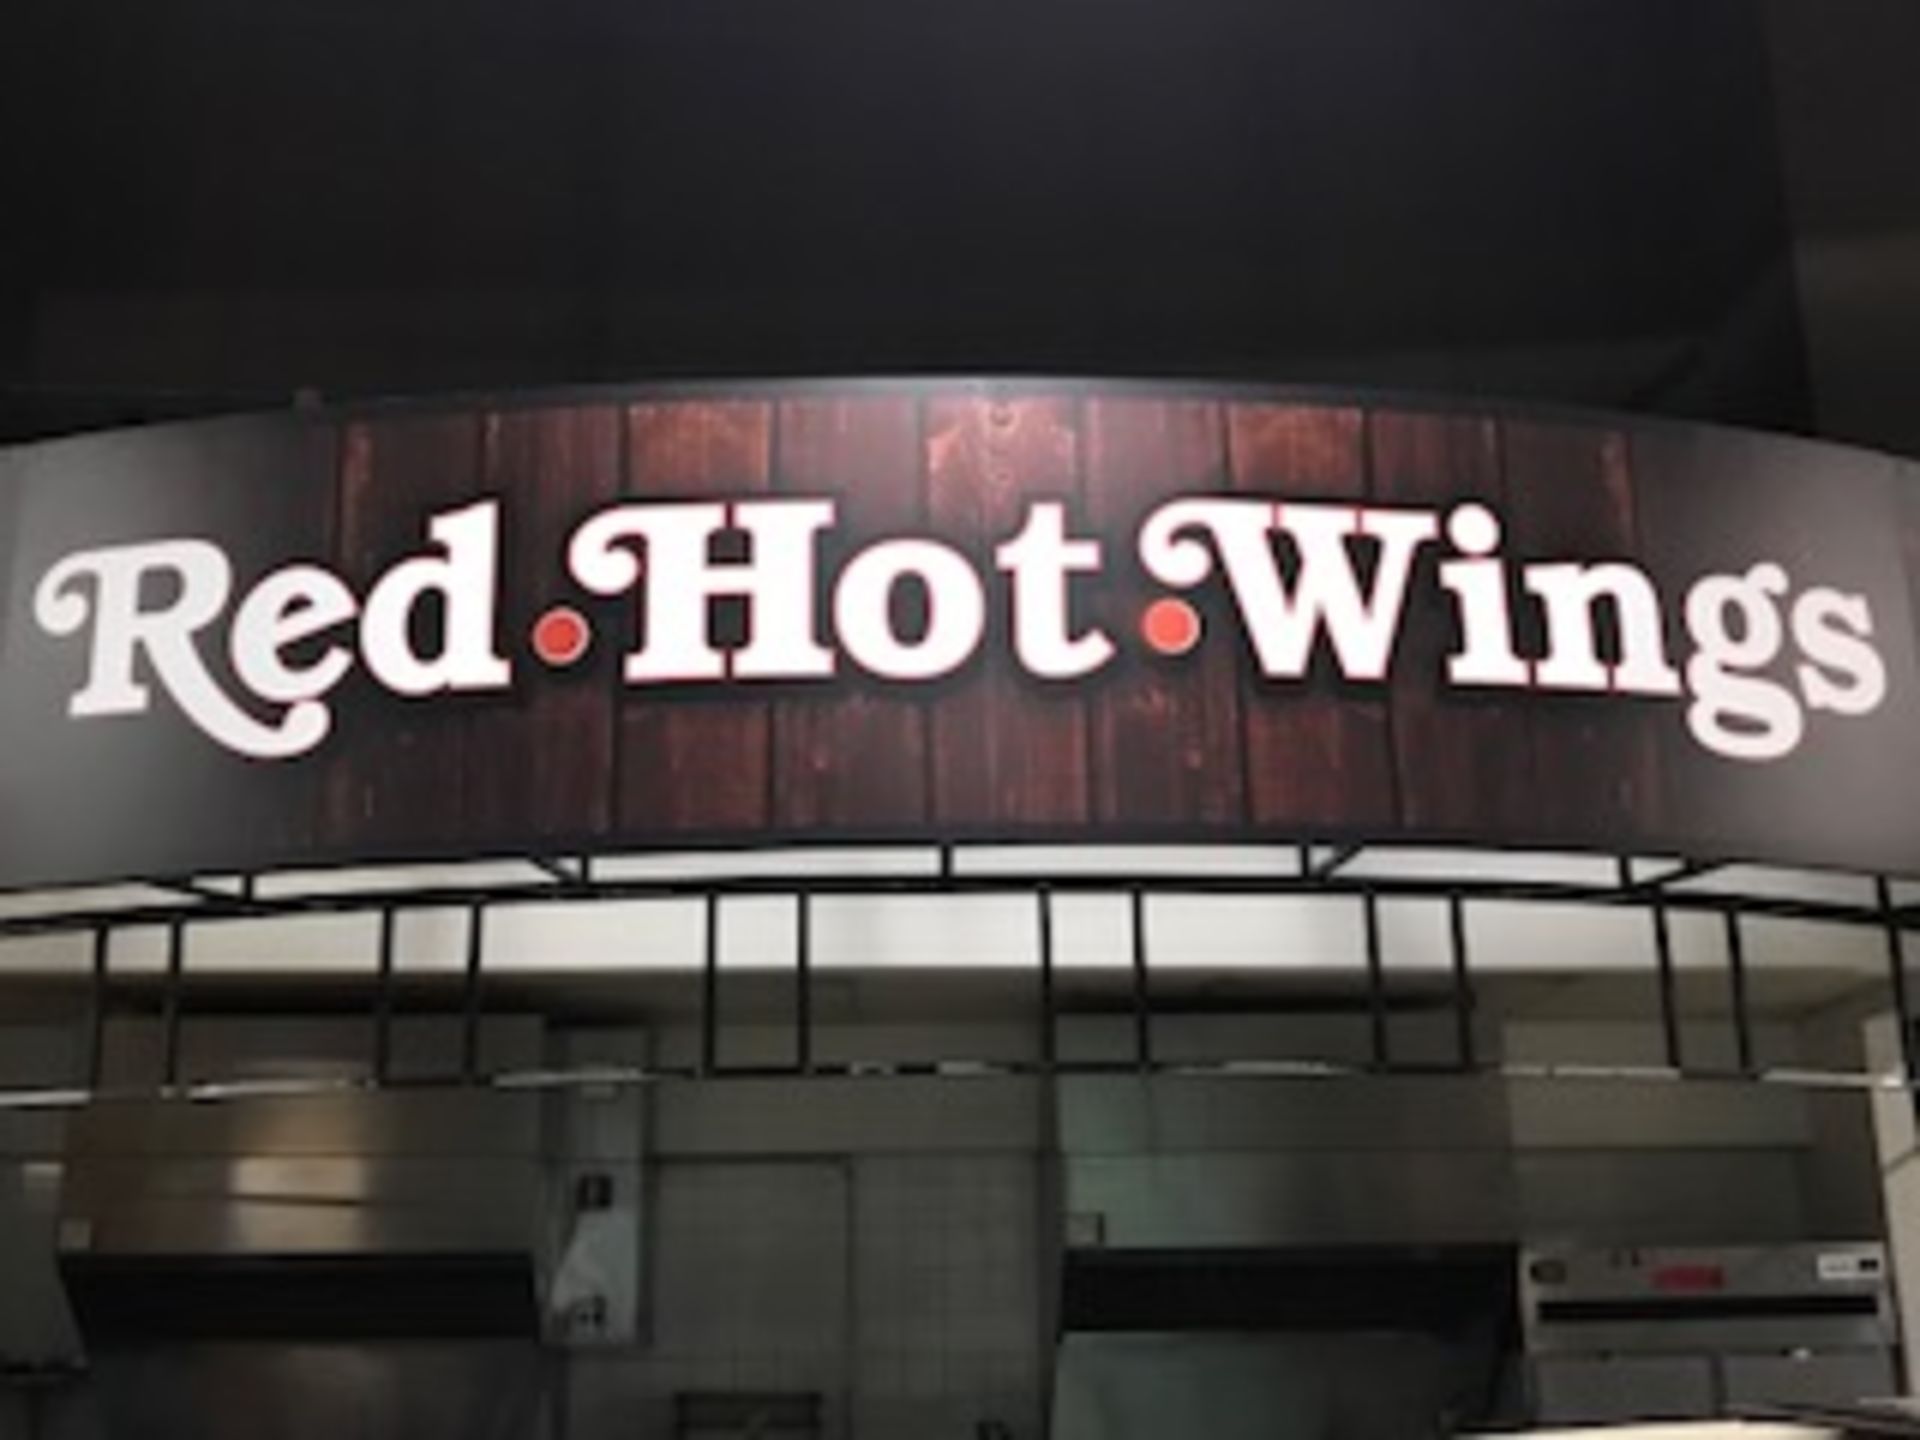 Sign - "Red Hot Wings" (2 Pcs.) 16 ft. w x 44 in. h ; Located in: Main Concourse ***Note from
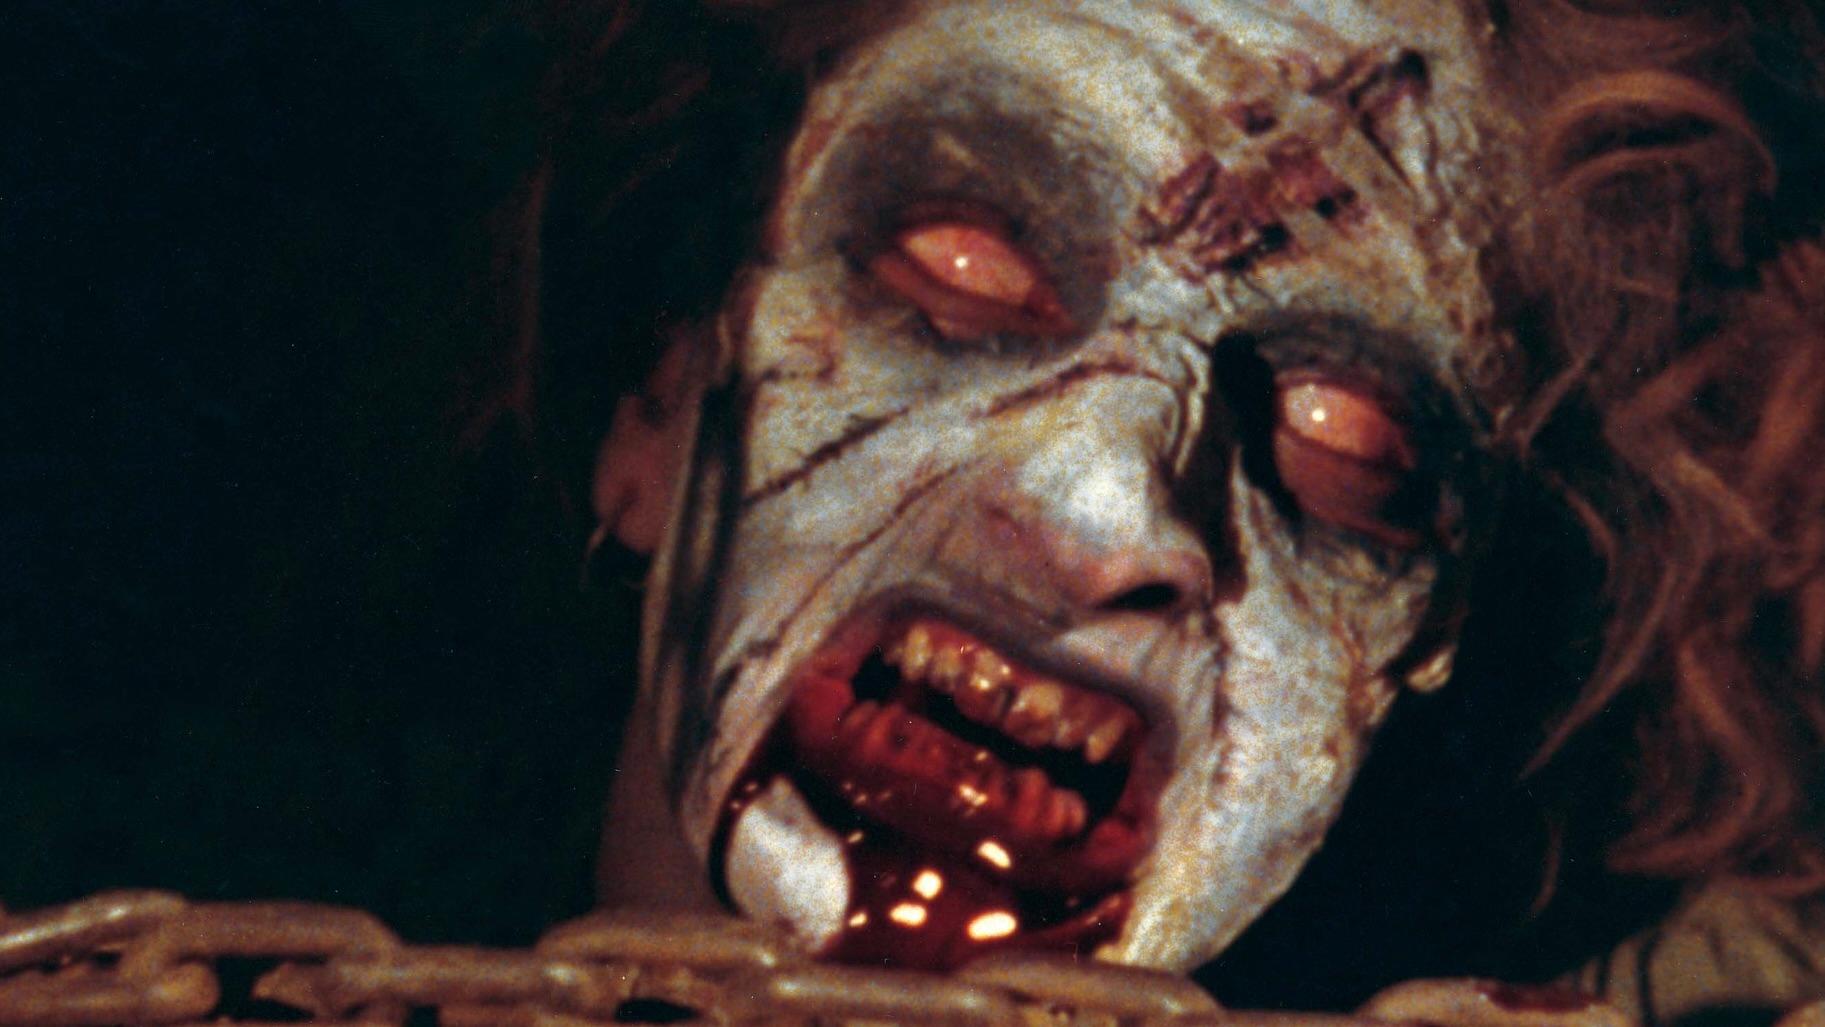 The scary demon lady in Evil Dead.
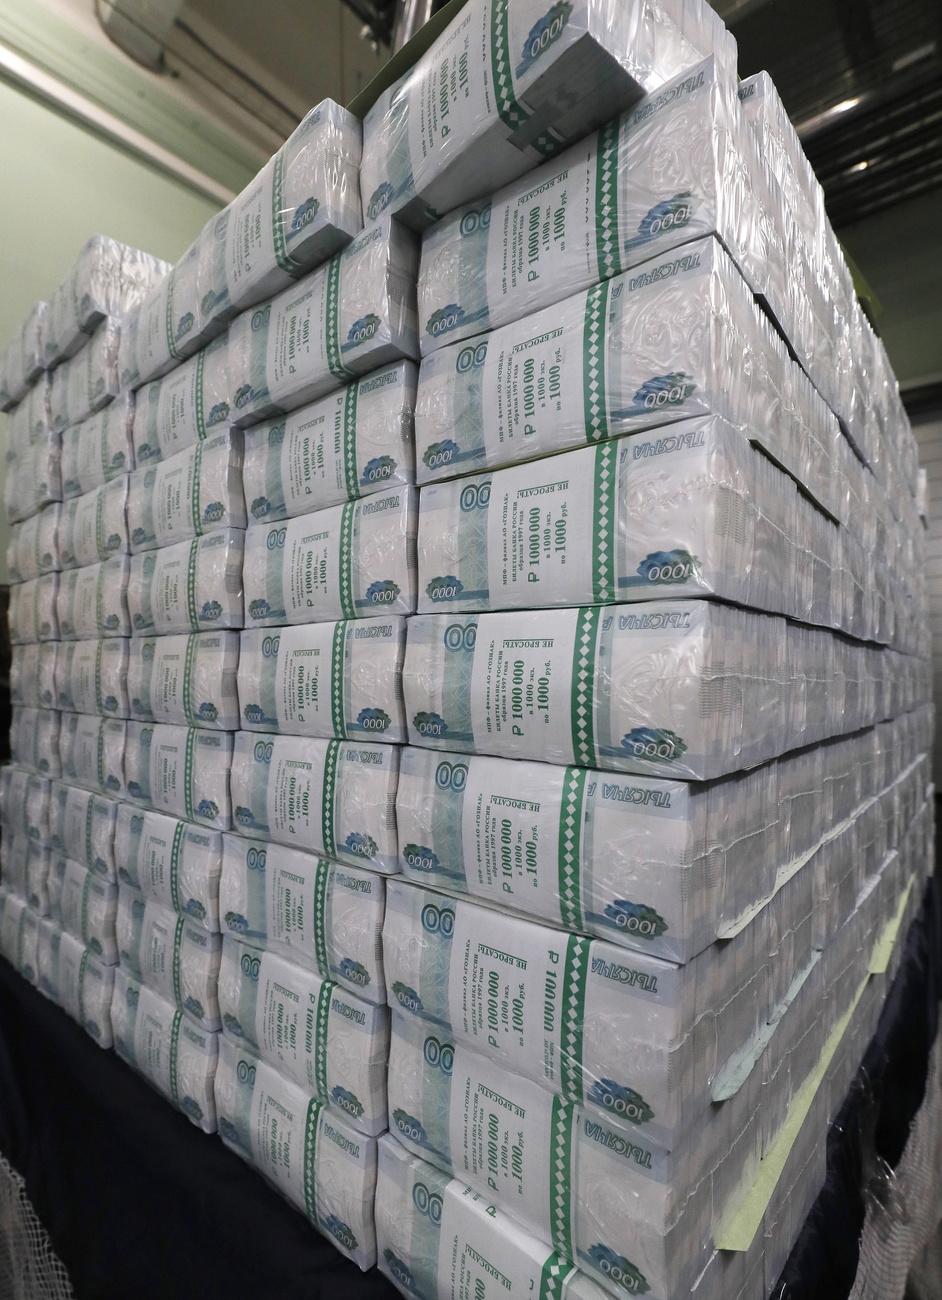 Multiple stacks of Russian banknotes, printed and bound in plastic.

───

▶ _Work instructions_:
Any picture in the data is to be skipped, while each line is returned exactly as written.

▶ _Solution below_:
 Sign - "Red Hot Wings" (2 Pcs.) 16 ft. w x 44 in. h ; Located in: Main Concourse ***Note from
 The scary demon lady in Evil Dead.
 Multiple stacks of Russian banknotes, printed and bound in plastic.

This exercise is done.